(Your task): Pictures in the listing below are skipped, while the lines from the "a review of" line through the "Opvia, Wall Light" line are returned word for word.

(Information):

________________________

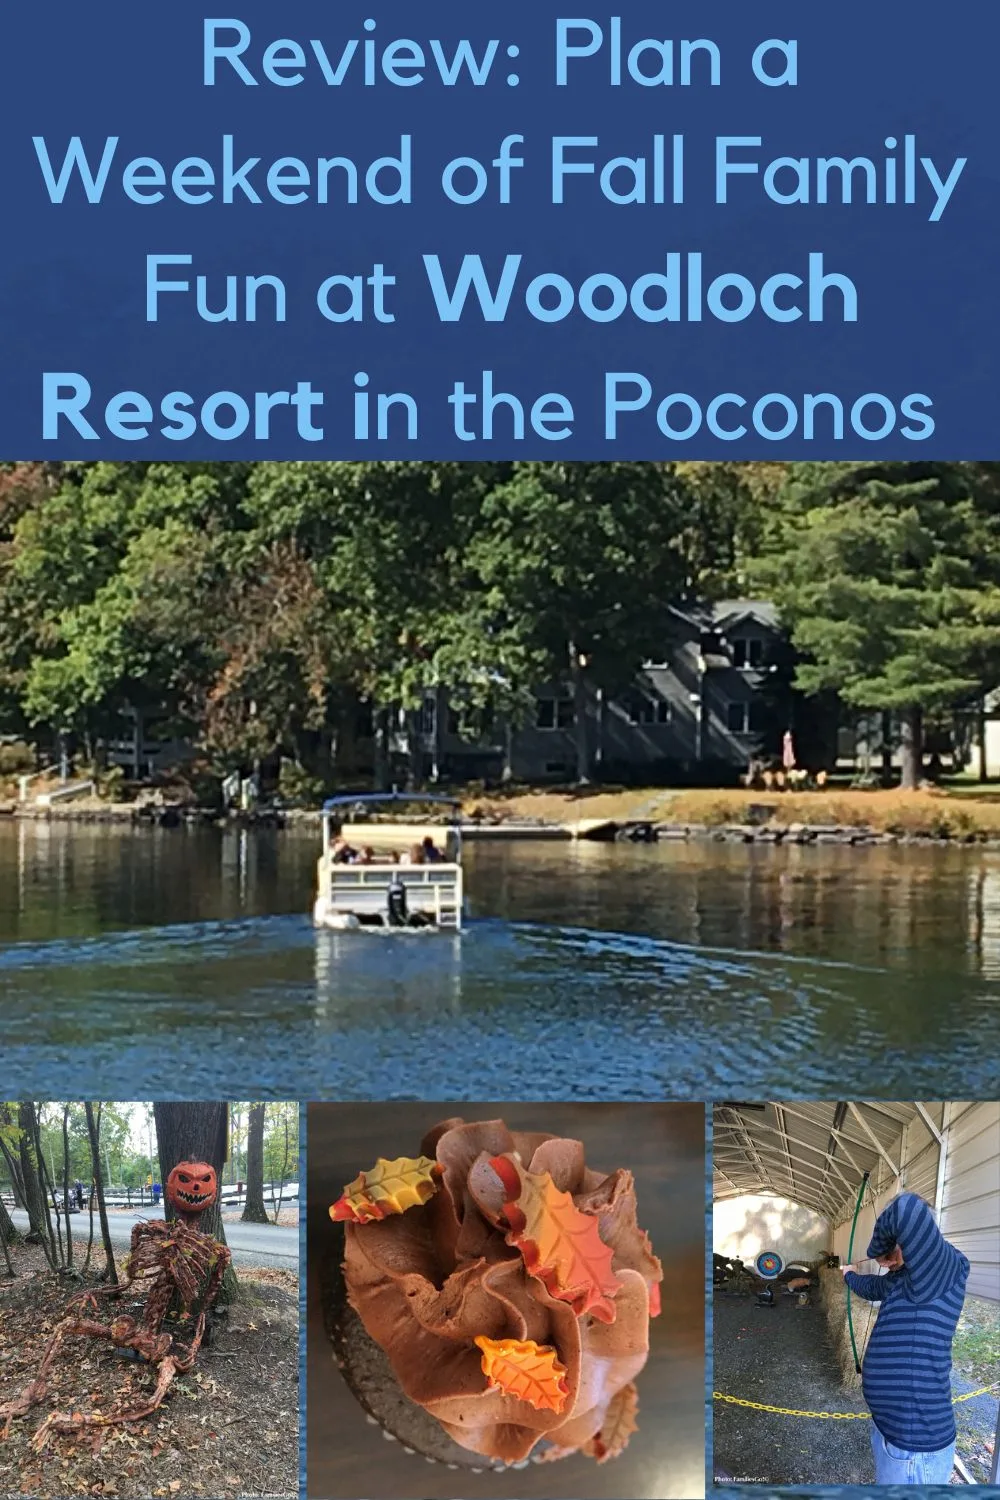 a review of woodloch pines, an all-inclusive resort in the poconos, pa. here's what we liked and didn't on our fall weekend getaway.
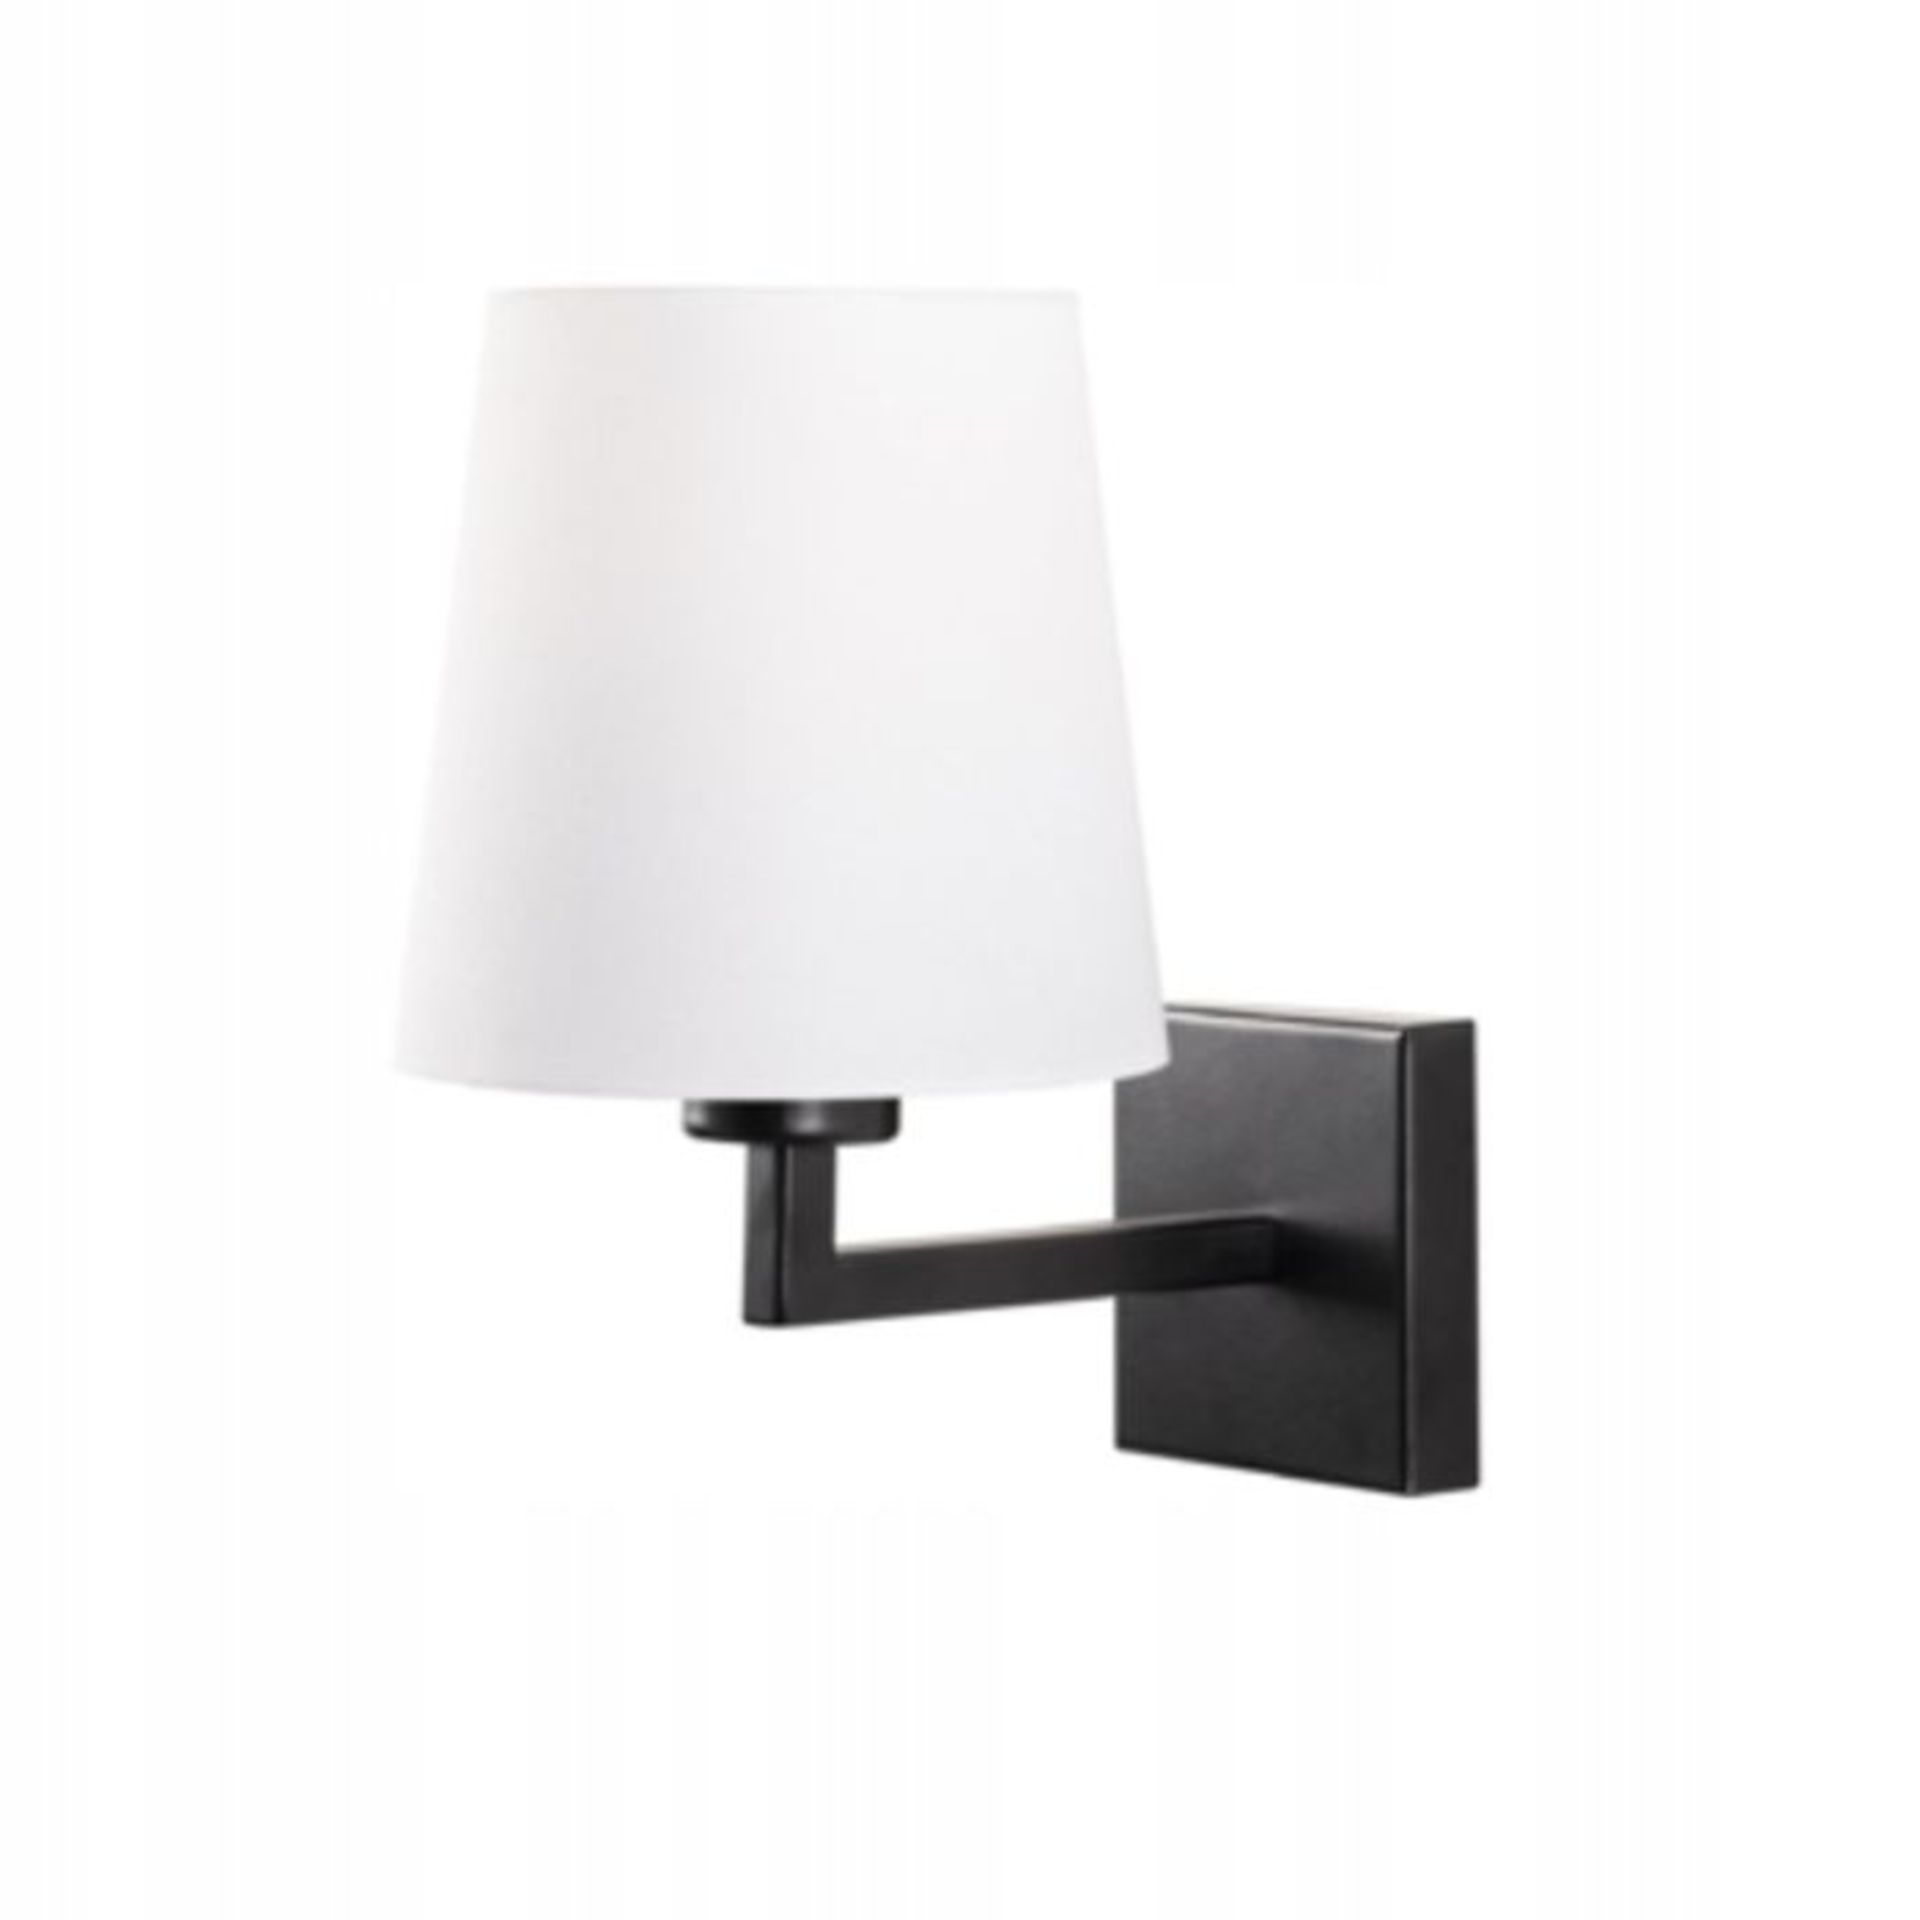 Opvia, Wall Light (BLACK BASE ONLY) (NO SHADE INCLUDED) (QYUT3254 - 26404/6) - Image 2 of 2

________________________

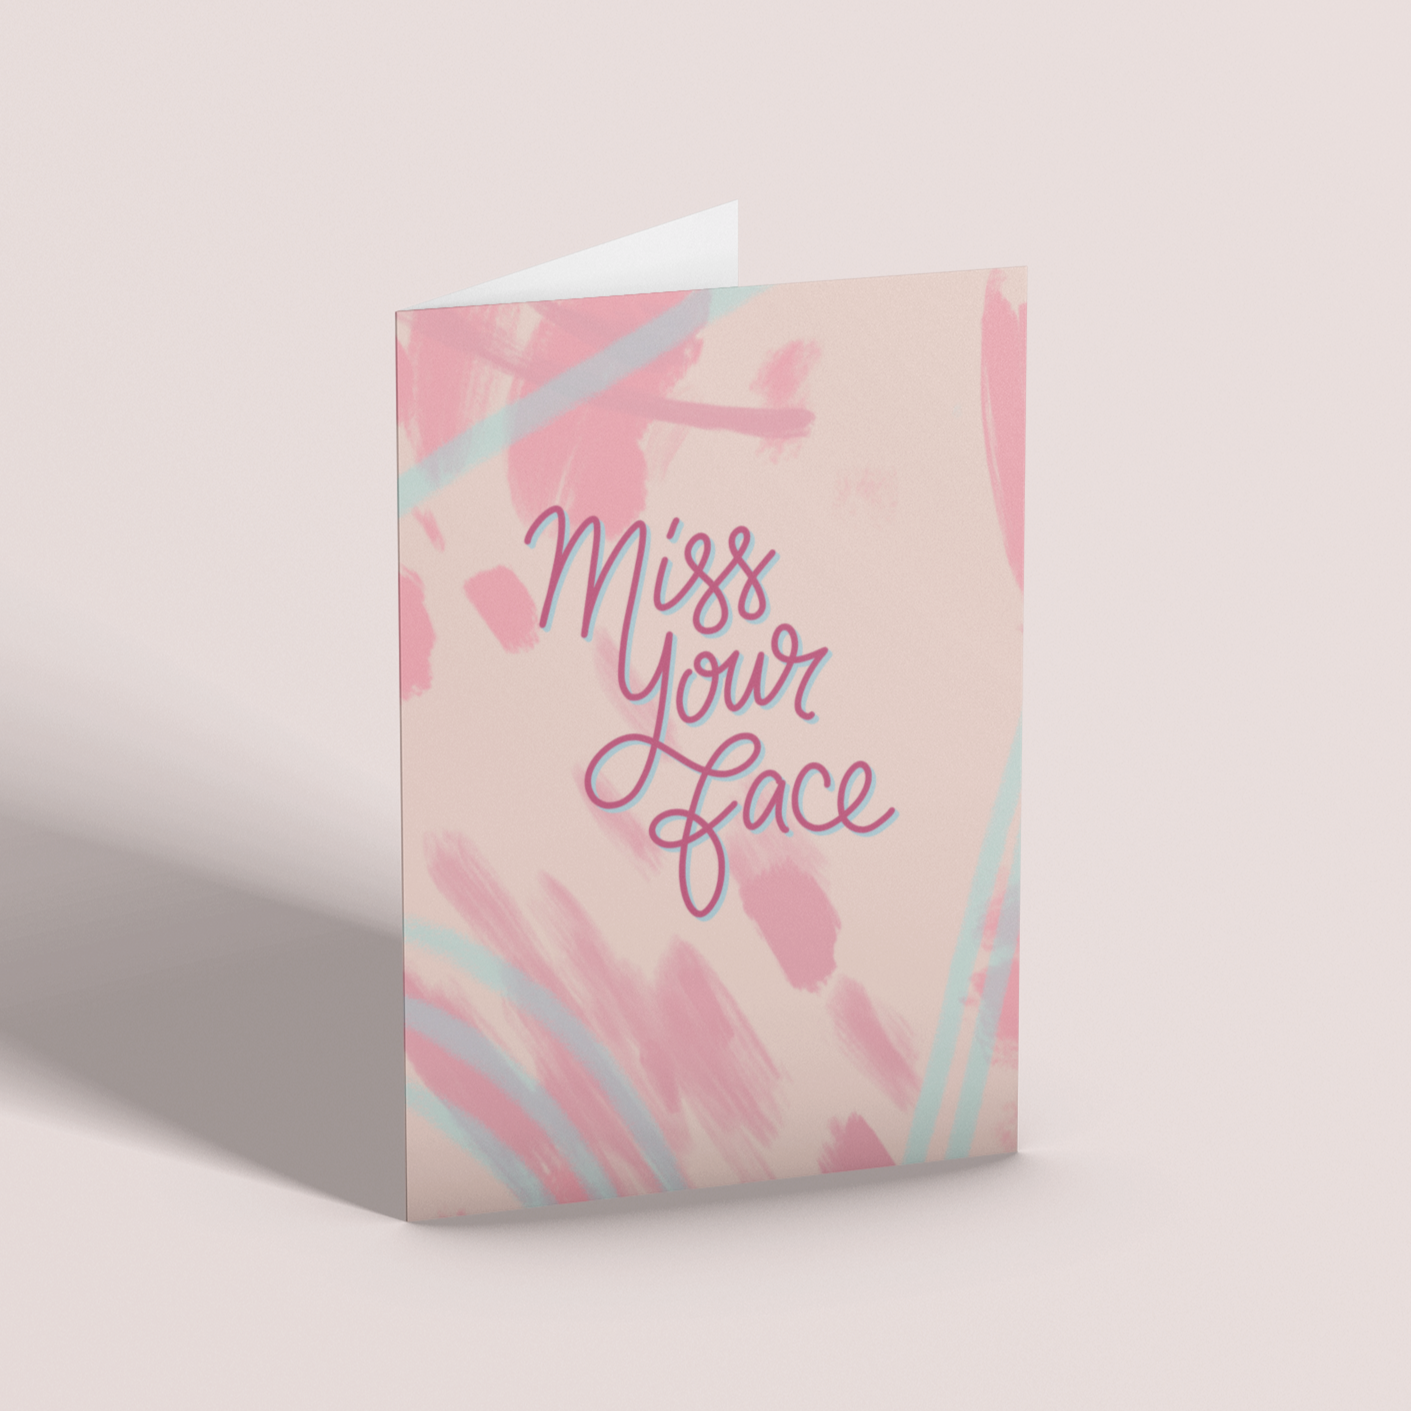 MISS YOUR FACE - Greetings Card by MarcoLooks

________________________

(Your response):
 a review of woodloch pines, an all-inclusive resort in the poconos, pa. here's what we liked and didn't on our fall weekend getaway.
 Opvia, Wall Light (BLACK BASE ONLY) (NO SHADE INCLUDED) (QYUT3254 - 26404/6) - Image 2 of 2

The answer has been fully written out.